Christopher Meyer: As cliché as it really sounds, this is a marathon, not a race. You’re gonna have to wait. I mean some people don’t, but you might have too. Don’t give up. I think that’s with anything in life. If you want something, work hard at it, and try and wait a long time until it happens. There’s always going to be ups and downs, but through the downs, I say just keep your head up try to keep yourself occupied. Just not giving up. You look at the best, you look at some of the greatest. Hear their stories. If you really love it, stick in there. That’s that.
What’s been your worst audition or your most embarrassing audition?
Christopher Meyer: Oh sheesh. OK. Kim Coleman, who acting just cast me in this movie, All Day and A Night.

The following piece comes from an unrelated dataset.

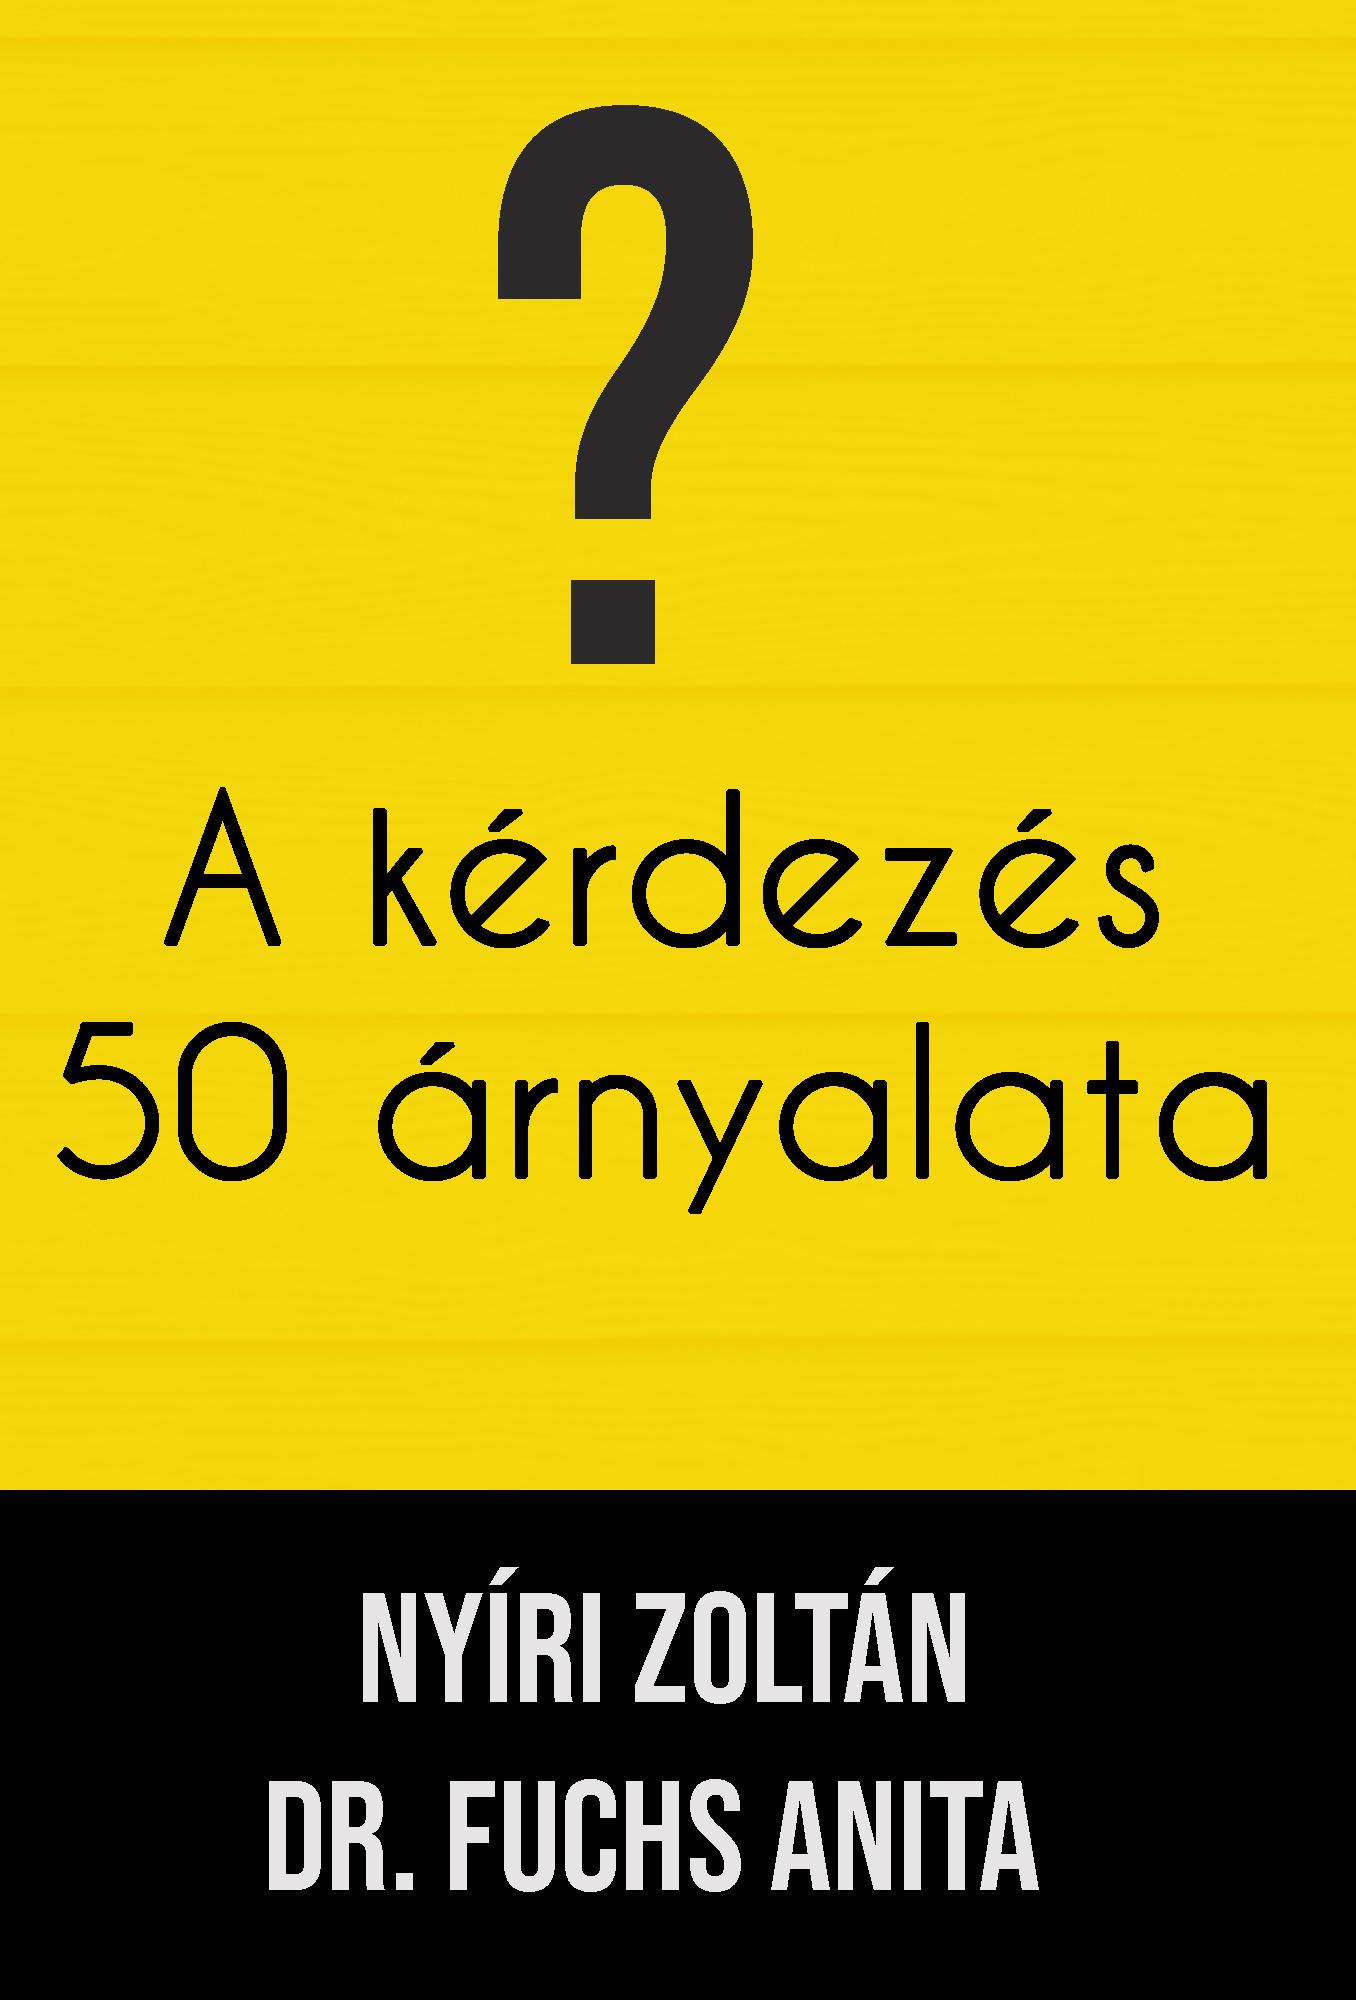 Nyíri Zoltán, Dr. Fuchs Anita: A kérdezés 50 árnyalata

I guess the worst audition I went on, I don’t remember exactly what the project was, but I just remember actually freezing. Kim Coleman, she casts so much. If you look her name up, she casts so much. Bunch of great content, bunch of great productions. I was always under the impression that she didn’t like me. I would go in there over thinking everything and this was a really, really big one that I was really in love with. I just froze. In the middle of a monologue, actually froze for like ten seconds and had the most awkward staring contest. I started sweating immediately, she’s like, “Alright, it’s all good, calm down.” We did it again. I fucked up some more times and then I just left. I don’t know if you know what that’s like but freezing is just, I don’t know. I shut up for the next three hours. I didn’t say anything. But you know what? It’s cool. I realized that she kept bringing me in, which mean she liked me. And now she cast me in this.